Hey, I'm in Victoria I just read something about the annual returns and wanted to know about then before I need to do them


----------



## Snapped (Jan 28, 2018)

This is the link to: https://www.wildlife.vic.gov.au/keeping-and-trading-wildlife/licences-annual-returns

Your wildlife book will come with the return forms (and a copy).

*THIS IS FOR VICTORIA ONLY, AN ANNUAL RETURN FOR RECORD OF WILDLIFE YOU'VE BRED, SOLD OR BOUGHT BETWEEN 1st April 2017 and 31st March 2018 *

You put the *Species Code* (linked above with species codes), eg Tanami Woma, scenticific name Aspidites Ramsayi which is Code 2613 (back when I had one in 2013 in Vic) so put the relevant code in the top right corner.

Then the *Common name* and *Scientific name* (also listed in that link above).

Then below is the lined column, so the the *Date* you are making the return, 01/4/2018 example

*Acquisitions *is if you bred, imported or purchased/gift, so you put the number in the correct column. If you haven't purchased any new snakes, simply leave it blank, or put 0.

*Escapes, Deaths, Disposals, *same as above, if you sold a snake, put 1 in the column, if one died, 1 etc. So if you purchased/sold a snake, you need the name and address of the seller/buyer, and their *Licence no. 

Import/export no. *If you imported or exported the snake, you need to put in that permit number, otherwise leave blank etc....

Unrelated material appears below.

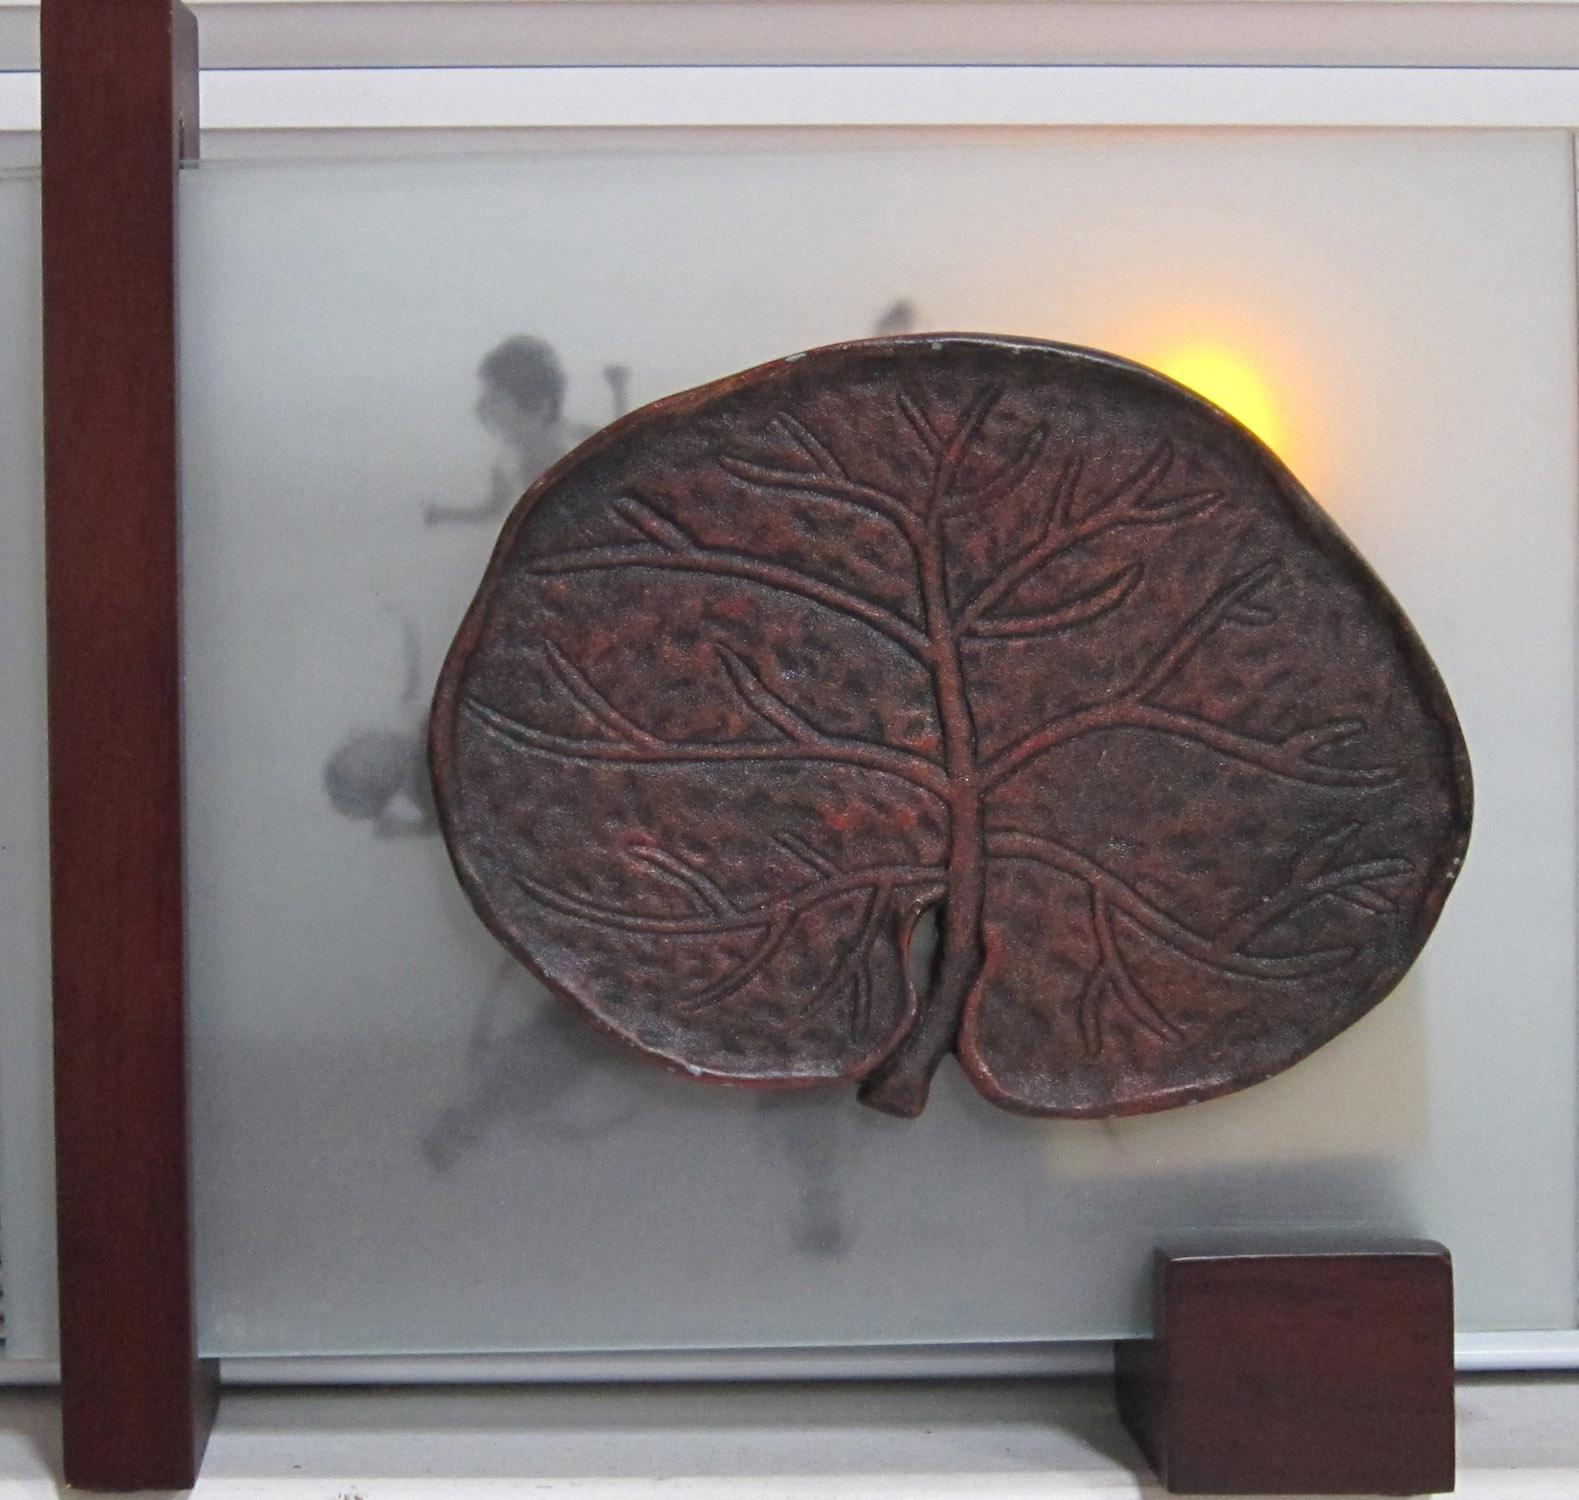 5cl(0) -Burning Bush- glass, clay, light, wood, 8x9x3 in., 2010.jpg

*TOTAL - *live/dead...so put in 1 live, 0 dead for example. That should add up to the total of acquisitons/sales/deaths/etc.

If you have acquired/bred/sold more than one snake in the time period do another separate page with all the relevant info.

This info was from my last w/l return form in 2014, so maybe it's changed since then, but this is the basics anyway.


----------



## Brandon (Jan 30, 2018)

Snapped said:


> This is the link to: https://www.wildlife.vic.gov.au/keeping-and-trading-wildlife/licences-annual-returns
> 
> Your wildlife book will come with the return forms (and a copy).
> 
> ...



Thank you very much, apprecate your help alot


----------



## Stompsy (Jan 30, 2018)

If you need assistance at all, just ask! I'm more than happy to help.


----------



## Snapped (Jan 30, 2018)

Brandon said:


> Thank you very much, apprecate your help alot



Youre' welcome, it can be a bit confusing first time around, forms forms and more bloody forms lol....and Stompsy is in the know, so if you need any more assistance, I'd take up their offer.


----------



## Murph_BTK (Jan 30, 2018)

Dammit I better check out QLD I haven't submitted one ever!! And I have multiple reptiles now and traded swapped died many too.. woops ... 

Either way they won t be getting my family from me.. [emoji1]

Instagram: murph_BTK


----------



## Scutellatus (Jan 30, 2018)

Murph_BTK said:


> Dammit I better check out QLD I haven't submitted one ever!! And I have multiple reptiles now and traded swapped died many too.. woops ...
> 
> Either way they won t be getting my family from me.. [emoji1]
> 
> Instagram: murph_BTK


We don't have any return forms Murph. This is all taken care of with movement advice forms. Just make sure your book is up to date with purchases and deaths etc.


----------



## Murph_BTK (Jan 30, 2018)

Scutellatus said:


> We don't have any return forms Murph. This is all taken care of with movement advice forms. Just make sure your book is up to date with purchases and deaths etc.


Oh really sweet ... the rules are all over the shop.. and makes it hard.. when I lived in the territory it was so easy to get a licence and sorry the paper trail when I came back to QLD it was all so confusing (at the time) plus working away in the mines I never really chased it.. as for my log book it's bag on [emoji4].. 

And we dont have diff levels of licencing/ restrictions do we? Cause when I bought my 2 GTP I rang them and asked they told me nope just make sure to get the movement advice sorted that's it .. one country one set of rules it shouldn't be THIS confusing or hard.. 

PS I wanna get my venomous snake licence [emoji4].. 

Instagram: murph_BTK


----------



## Scutellatus (Jan 30, 2018)

No there are no different levels. It only changes when you want venomous or crocodilian species.
We definitely need a national system, as long as the Qld system is the one implemented, most others are way too restrictive on non-venomous and ridiculously un-restrictive for venomous.


----------



## Brandon (Jan 31, 2018)

Stompsy said:


> If you need assistance at all, just ask! I'm more than happy to help.


Thank you I will see how I go


----------